We performed a systematic review of the literature following the PRISMA guidelines to search studies that used ML approaches to enhance the diagnosis of rare genetic diseases. Studies that used DNA-based sequencing data and a variety of ML algorithms were included, summarized, and analyzed using bibliometric methods, visualization tools, and a feature co-occurrence analysis.
Our search identified 22 studies that met the inclusion criteria. We found that exome sequencing was the most frequently used sequencing technology (59%), and rare neoplastic diseases were the most prevalent disease scenario (59%). In rare neoplasms, the most frequent applications of ML models were the differential diagnosis or stratification of patients (38.5%) and the identification of somatic mutations (30.8%). In other rare diseases, the most frequent goals were the prioritization of rare variants or genes (55.5%) and the identification of biallelic or digenic inheritance (33.3%). The most employed method was the random forest algorithm (54.5%). In addition, the features of the datasets needed for training these algorithms were distinctive depending on the goal pursued, including the mutational load in each gene for the differential diagnosis of patients, or the combination of genotype features and sequence-derived features (such as GC-content) for the identification of somatic mutations.

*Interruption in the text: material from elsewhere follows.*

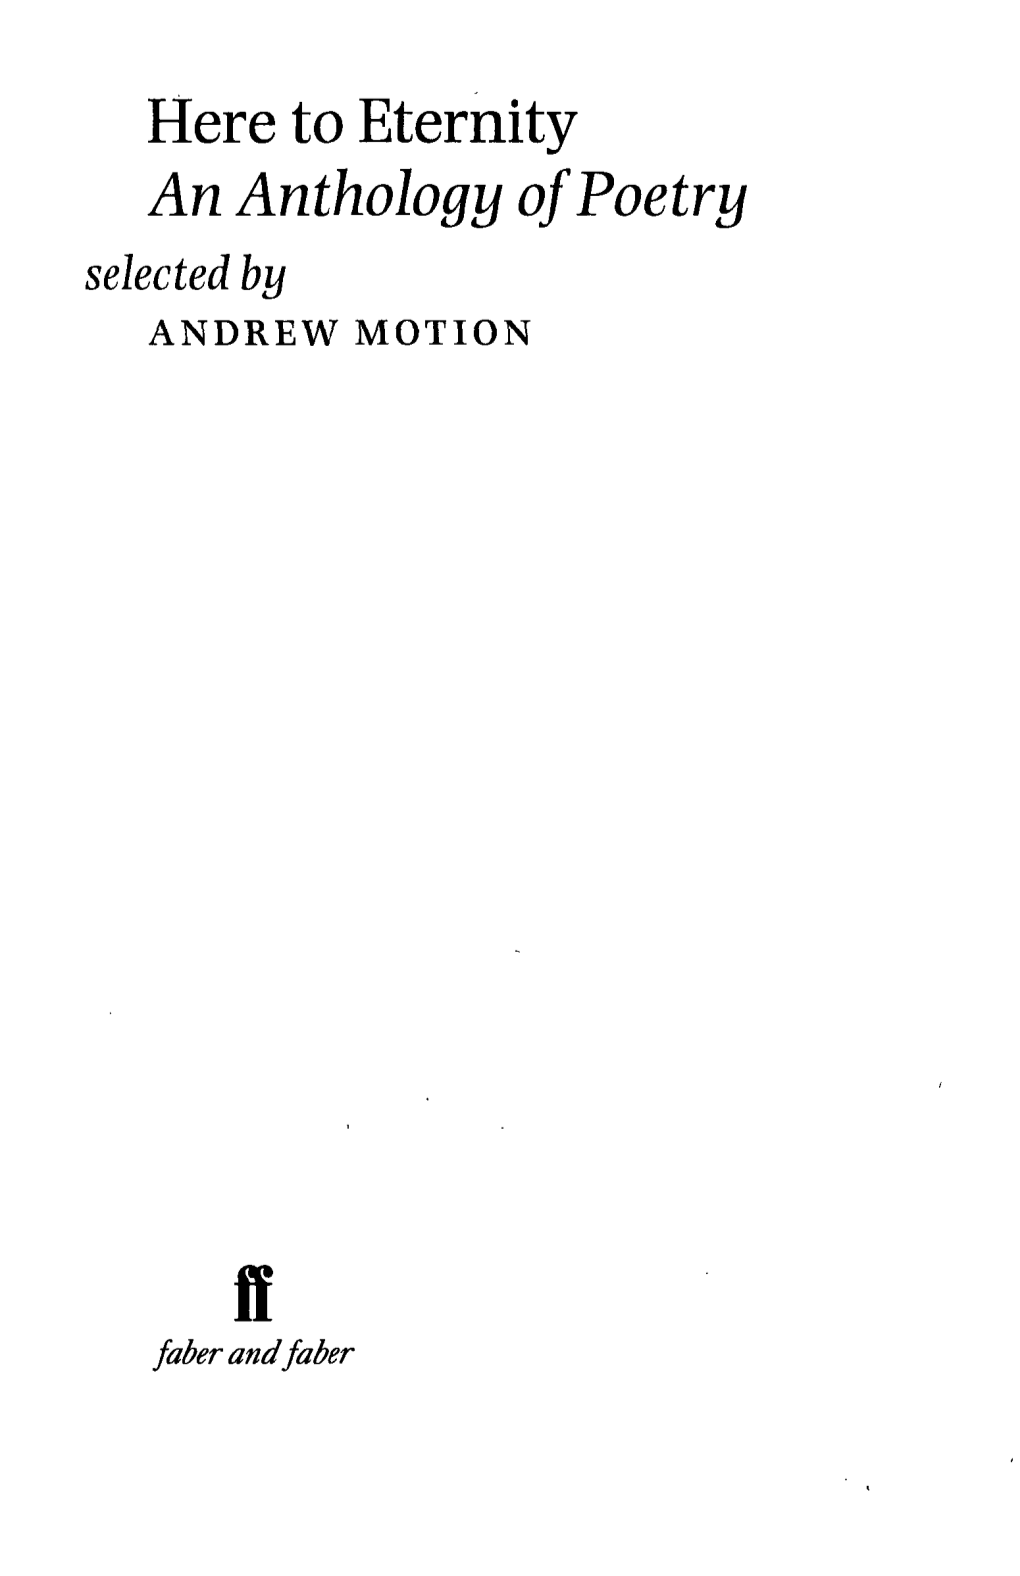 Here to Eternity an Anthology of Poetry Selected by ANDREW MOTION
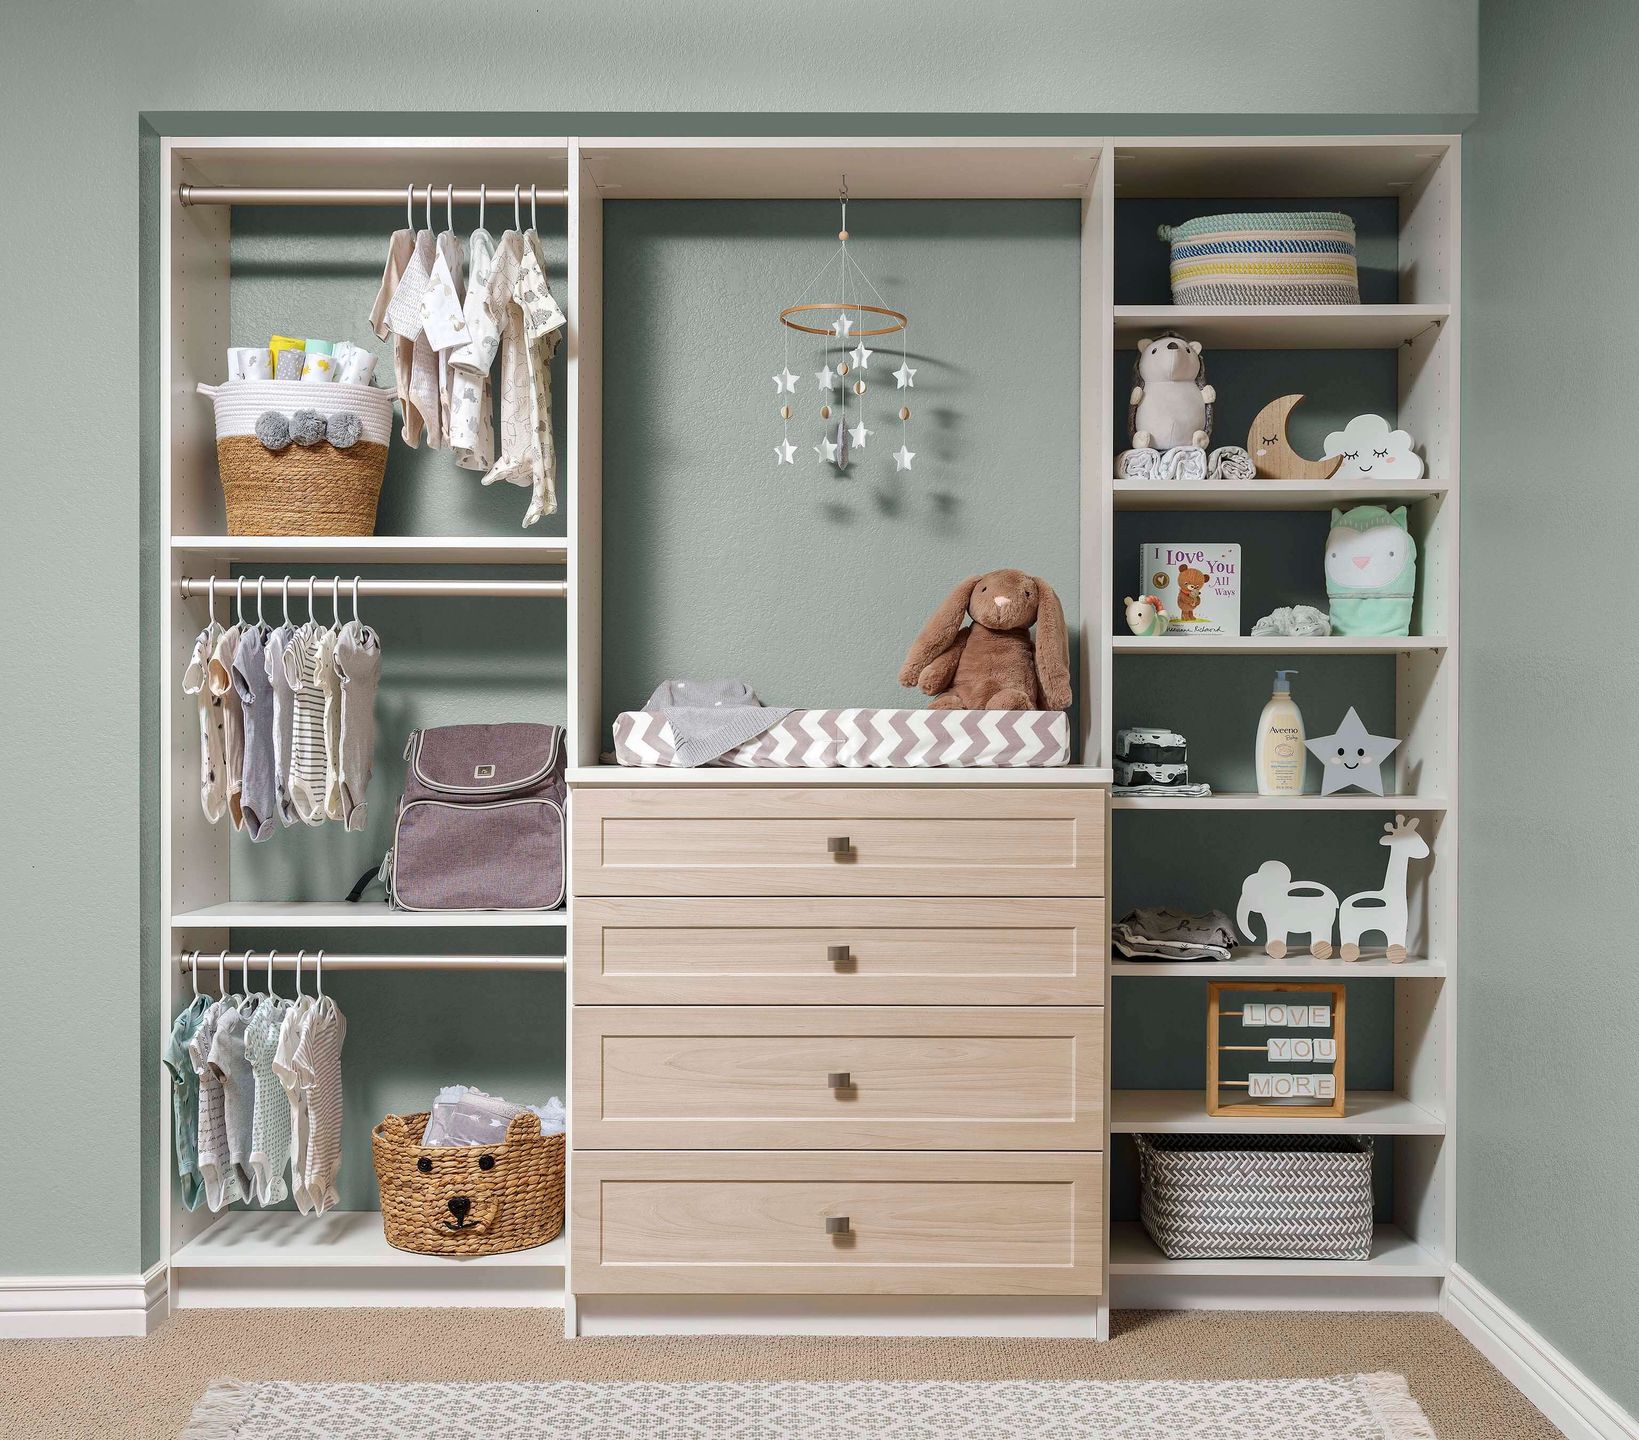 White and Fawn One-Piece Shaker Nusery Closet Jul 2020.jpg

ML algorithms based on sequencing data are mainly used for the diagnosis of rare neoplastic diseases, with random forest being the most common approach. We identified key features in the datasets used for training these ML models according to the objective pursued. These features can support the development of future ML models in the diagnosis of rare genetic diseases.
由于这些疾病的遗传基础复杂,且诊断工具有限,因此罕见遗传疾病的诊断常常具有挑战性。机器学习 (ML) 算法通过分析大量基因组数据并识别可能与特定疾病相关的复杂多等位基因模式,有可能提高诊断的准确性和速度。在本系统评价中,我们旨在确定罕见遗传疾病中 ML 应用的方法学趋势和领域。
我们按照 PRISMA 指南进行了系统的文献检索,以搜索使用 ML 方法来增强罕见遗传疾病诊断的研究。纳入了使用 DNA 测序数据和各种 ML 算法的研究,使用文献计量学方法、可视化工具和特征共现分析对这些研究进行了总结和分析。
我们的检索共确定了 22 项符合纳入标准的研究。我们发现外显子组测序是最常用的测序技术(59%),罕见肿瘤性疾病是最常见的疾病情况(59%)。在罕见肿瘤中,ML 模型最常见的应用是患者的鉴别诊断或分层(38.5%)和体细胞突变的识别(30.8%)。在其他罕见疾病中,最常见的目标是优先考虑罕见变异或基因(55.5%)和识别双等位基因或双基因遗传(33.3%)。最常使用的方法是随机森林算法(54.5%)。此外,根据所追求的目标,这些算法所需的数据集特征也有所不同,包括用于患者鉴别诊断的每个基因中的突变负荷,或用于识别体细胞突变的基因型特征和序列衍生特征(如 GC 含量)的组合。
基于测序数据的 ML 算法主要用于罕见肿瘤性疾病的诊断,其中随机森林是最常见的方法。我们根据所追求的目标确定了用于训练这些 ML 模型的数据集的关键特征。这些特征可以为罕见遗传疾病诊断中未来 ML 模型的开发提供支持。